Emanuel is trying to stay relevant on his way out. Pritzker is coming in and will have to deal with a new mayor.

* And if there was still any doubt

Illinois governors don’t have a role in that [constitutional amendment] process, but Pritzker made it clear that he wouldn’t expend any political capital on a constitutional amendment.

“My commitment is to pay the pensions that are owed to people,” Pritzker said. “I just don’t see the likelihood of anybody getting a constitutional amendment passed to change that provision in our constitution. And it’s not something that I’m out promoting.”

Fuhgeddaboudit.

* Same goes for the mayor’s casino idea

Emanuel said he’d push for the Chicago casino before his term ends in May, but negotiations on the long-shot bid will be in the hands of lawmakers in Springfield. The prospect of a Chicago casino has been floated numerous times in the past, only to be sunk by competing demands in other betting industries.

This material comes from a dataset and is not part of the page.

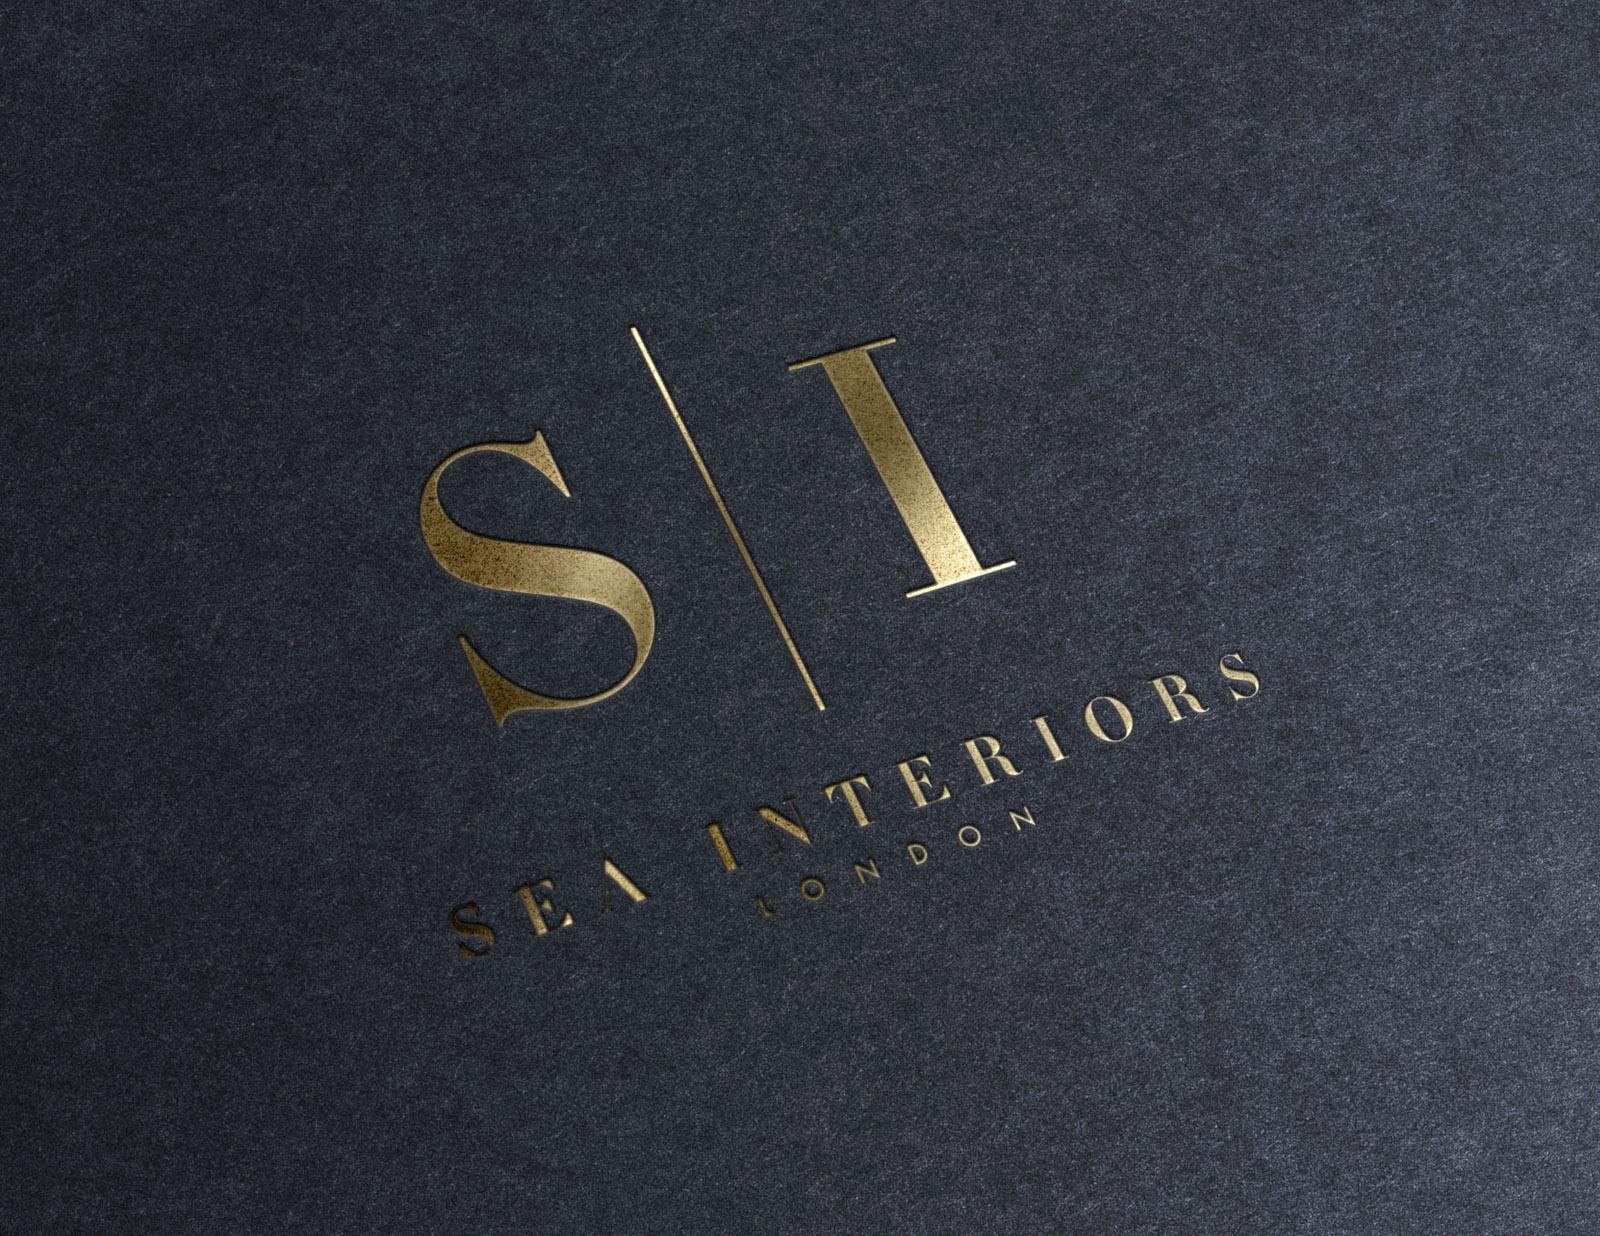 Interior Design Branding and Identity Design Project London

A spokeswoman for J.B. Pritzker said the governor-elect has supported the expansion of gaming to help pay for a capital bill, but the actual details haven’t been directly discussed.

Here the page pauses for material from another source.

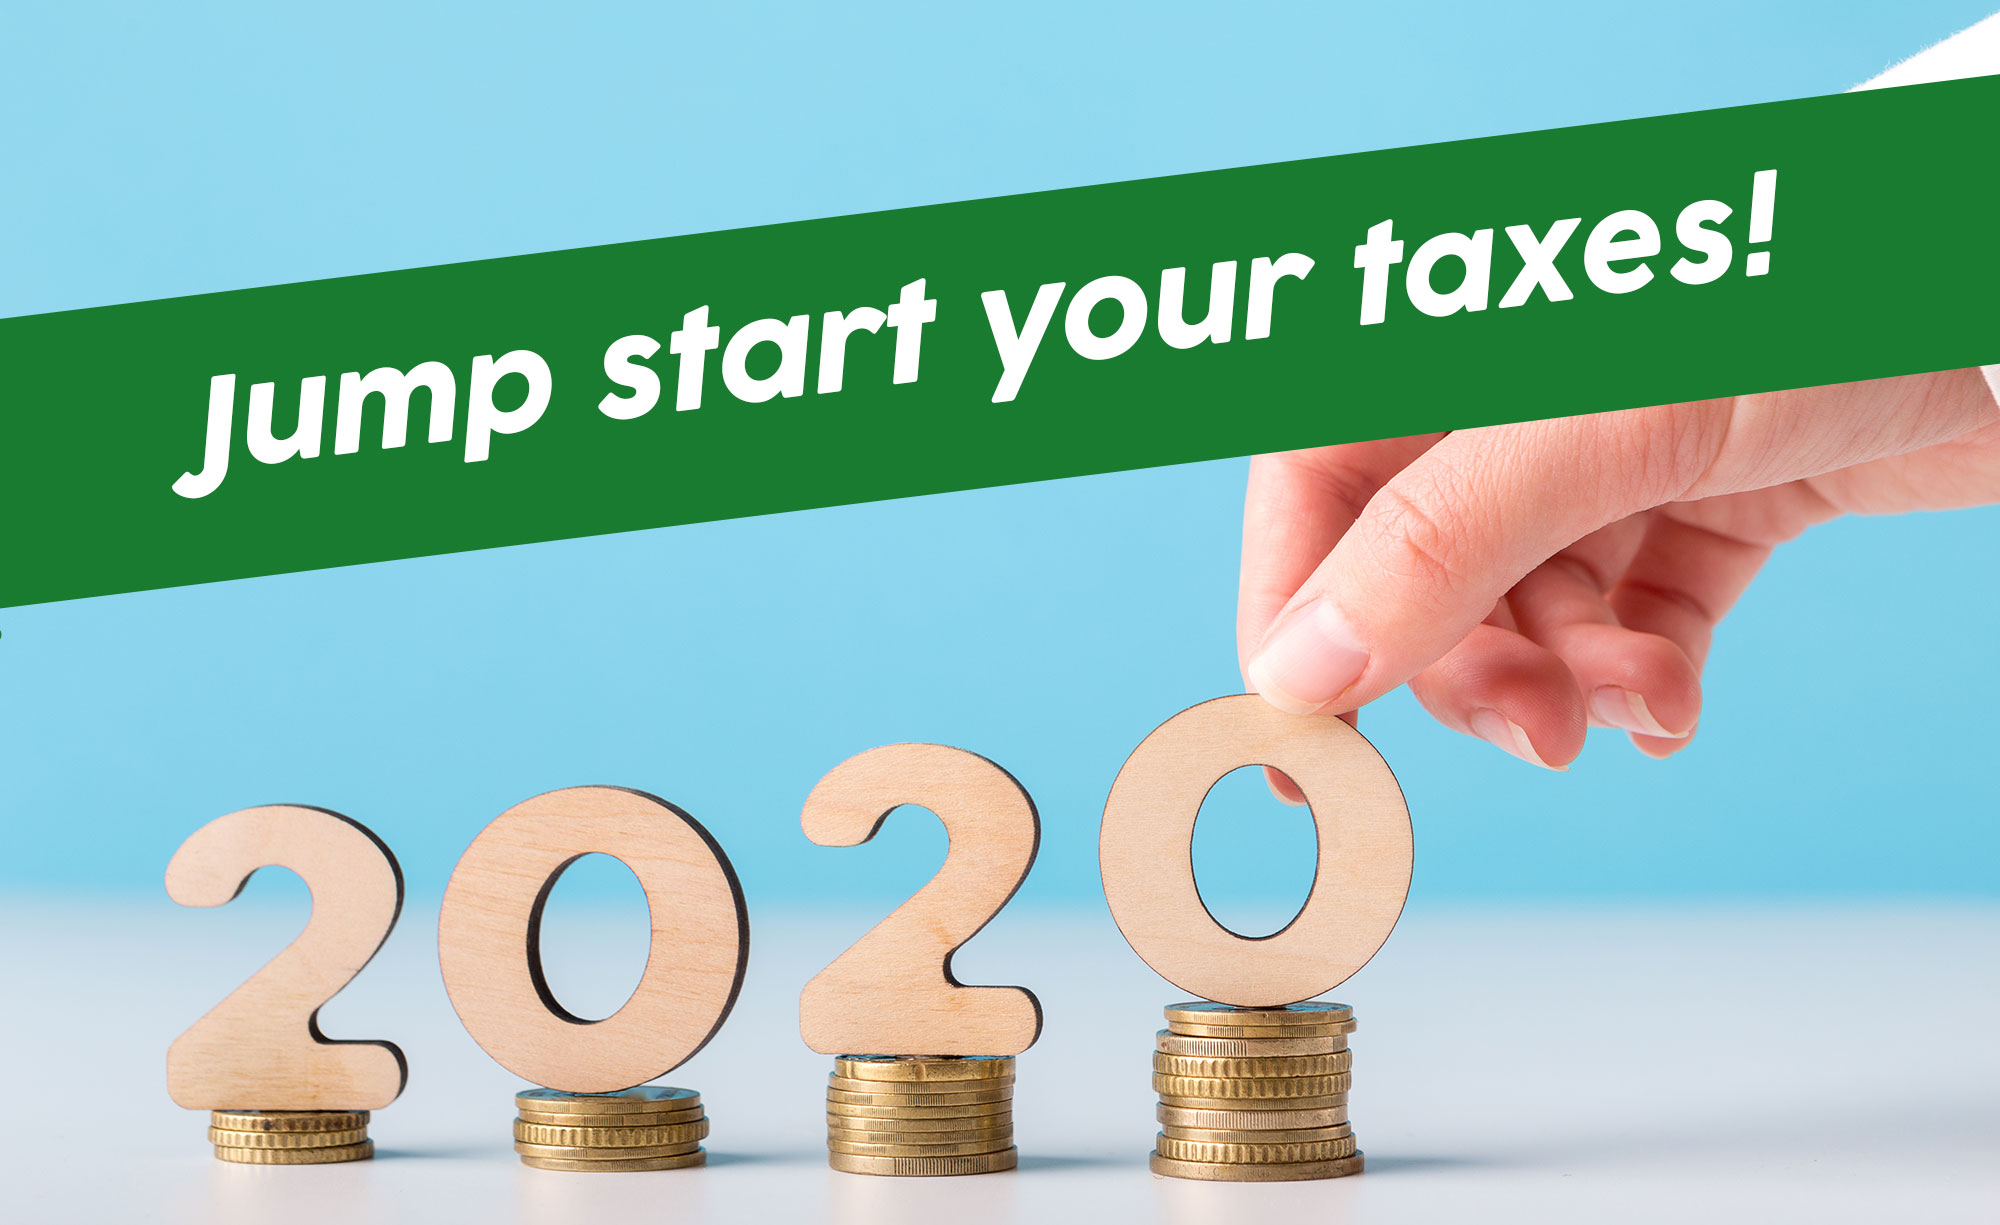 jump start your taxes

* Meanwhile, WSIL TV talked to a business owner about Pritzker’s vow to eventually raise the minimum wage to $15 an hour with some sort of tax relief to small businesses

17th Street Barbecue in Murphysboro is one of those small businesses that could feel the impact of hiking up wages.

Amy Mills is co-owner of the restaurant. She says Pritzker’s plan would devastate her business.

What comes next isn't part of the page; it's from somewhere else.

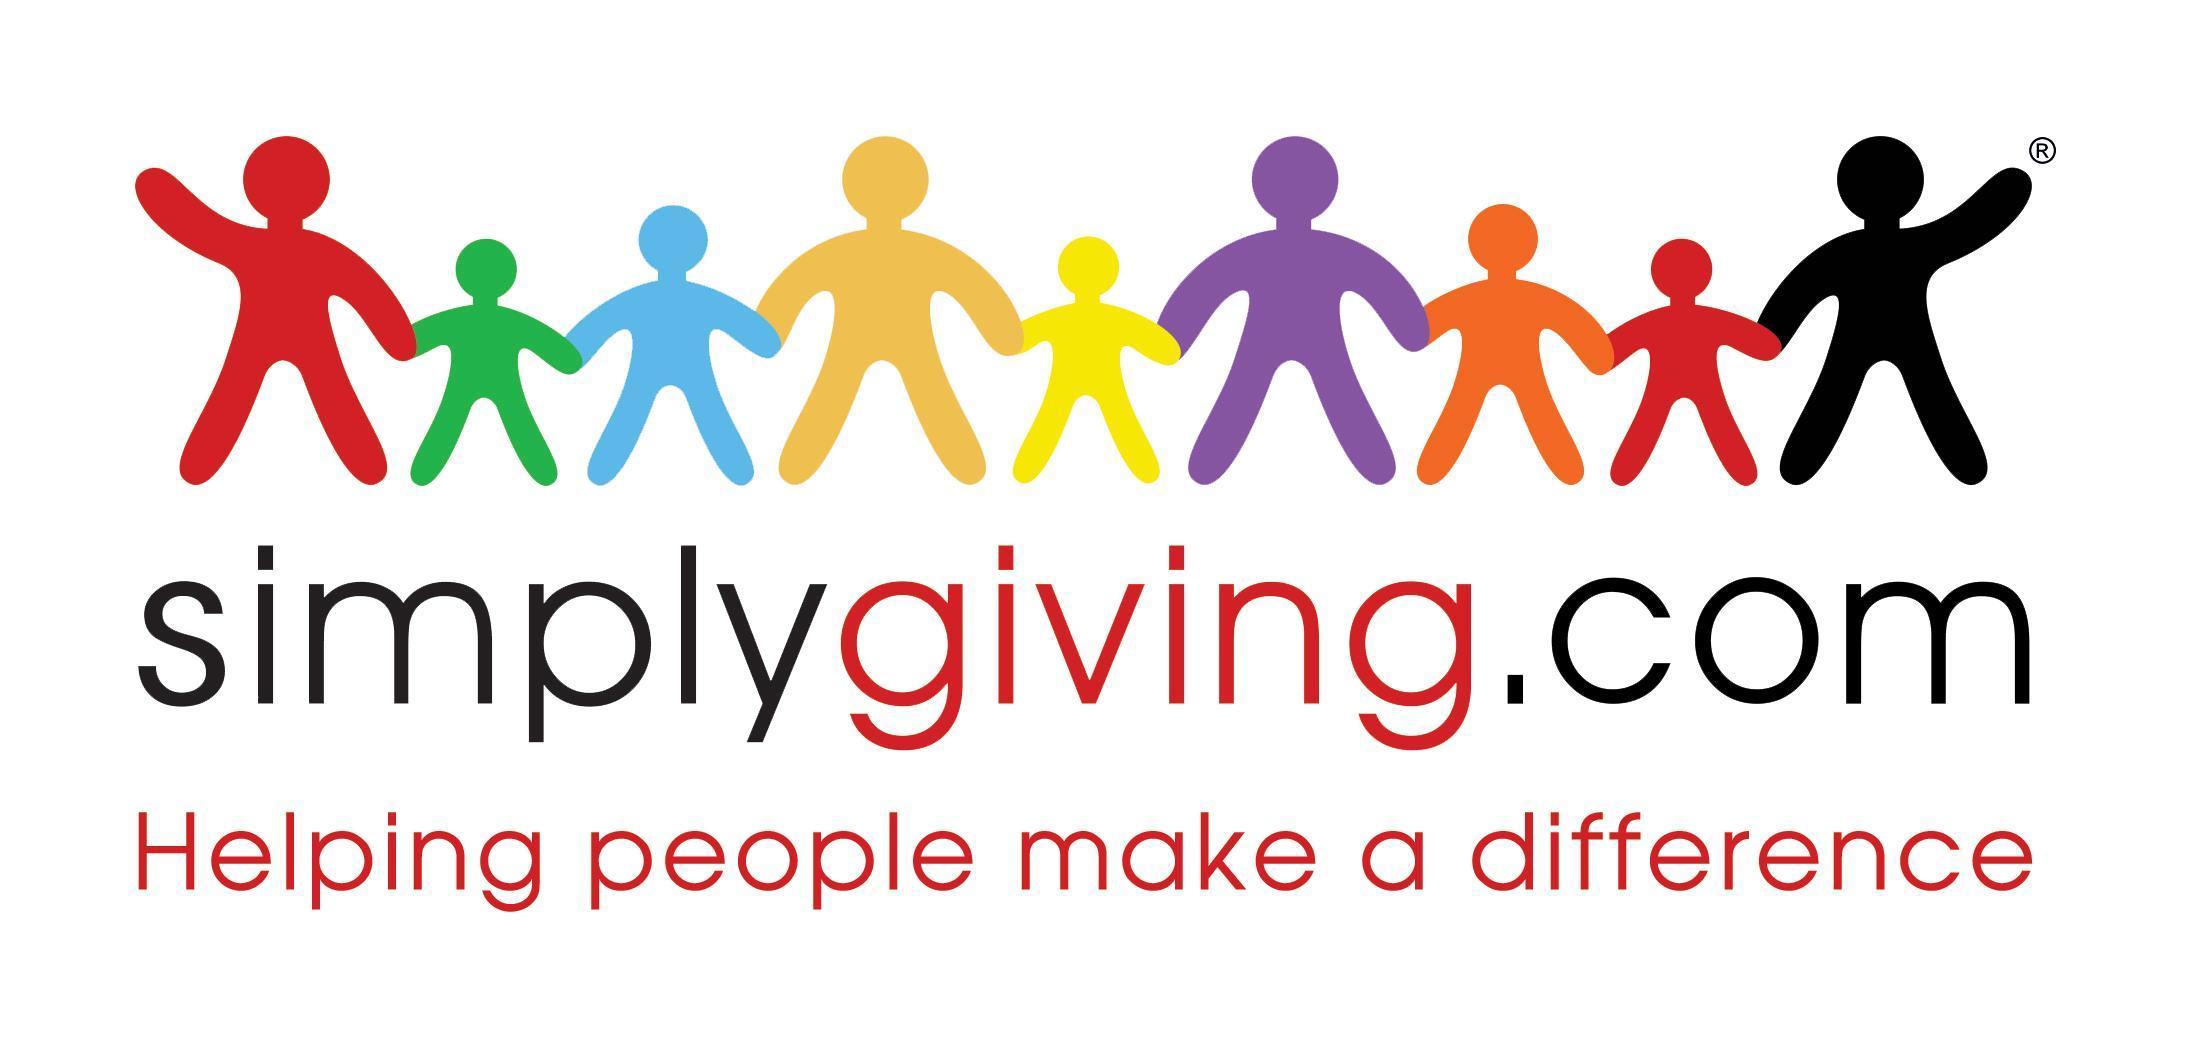 SimplyGiving company logo

“Our menu prices would have to rise so high that I don’t think our locals would be able to eat out very often,” Mills said. “To me, raising the minimum wage really is penalizing the mom and pops.”

During his stop in Springfield on Monday, Pritzker reminded everyone the increase would happen over several years.

“I feel like in this area would be so difficult to even raise the hourly wage in increments because we still will be raising prices to keep up,” Mills said.

* The La Salle News Tribune talked to some workers

Deenna Moss placed a customer’s purchases into plastic bags.

“You can’t live on $8.25 an hour,” Moss said.

Moss is compensated with Illinois’ minimum wage for her work as a cashier at Dollar General in La Salle.

Moss, a proponent of raising the minimum wage, said she has to live with her 31-year-old daughter to make ends meet. […]

Melissa Carter, who makes $9 an hour, said she needs three roommates just to survive. She has two kids at home. Carter works as the manager at Little Caesars Pizza in Peru.

“It’s frustrating,” she said about the pay. Carter has college credits, but said she wasn’t able to afford to finish the degree.

       

37 Comments
  1. - Honeybear - Thursday, Dec 13, 18 @ 1:05 pm:

    Look I get that it is going to be tough for the mom and pop small business. Hopefully making it gradual will help. Hopefully tax credits could help as well.

    But I’m always for the worker if I can be.

    It will be good for our economy.
    Minimum wage workers love to eat good BBQ as well.
    as Will Rogers used to say
    “Always give a poor man a dollar. It’ll be back in the pocket of the rich man by nightfall, but at least it passed through the poor fellars hand.”


  2. - Anonymous - Thursday, Dec 13, 18 @ 1:08 pm:

    Back in 1971 or so, you couldn’t live on $1.60 per hour either.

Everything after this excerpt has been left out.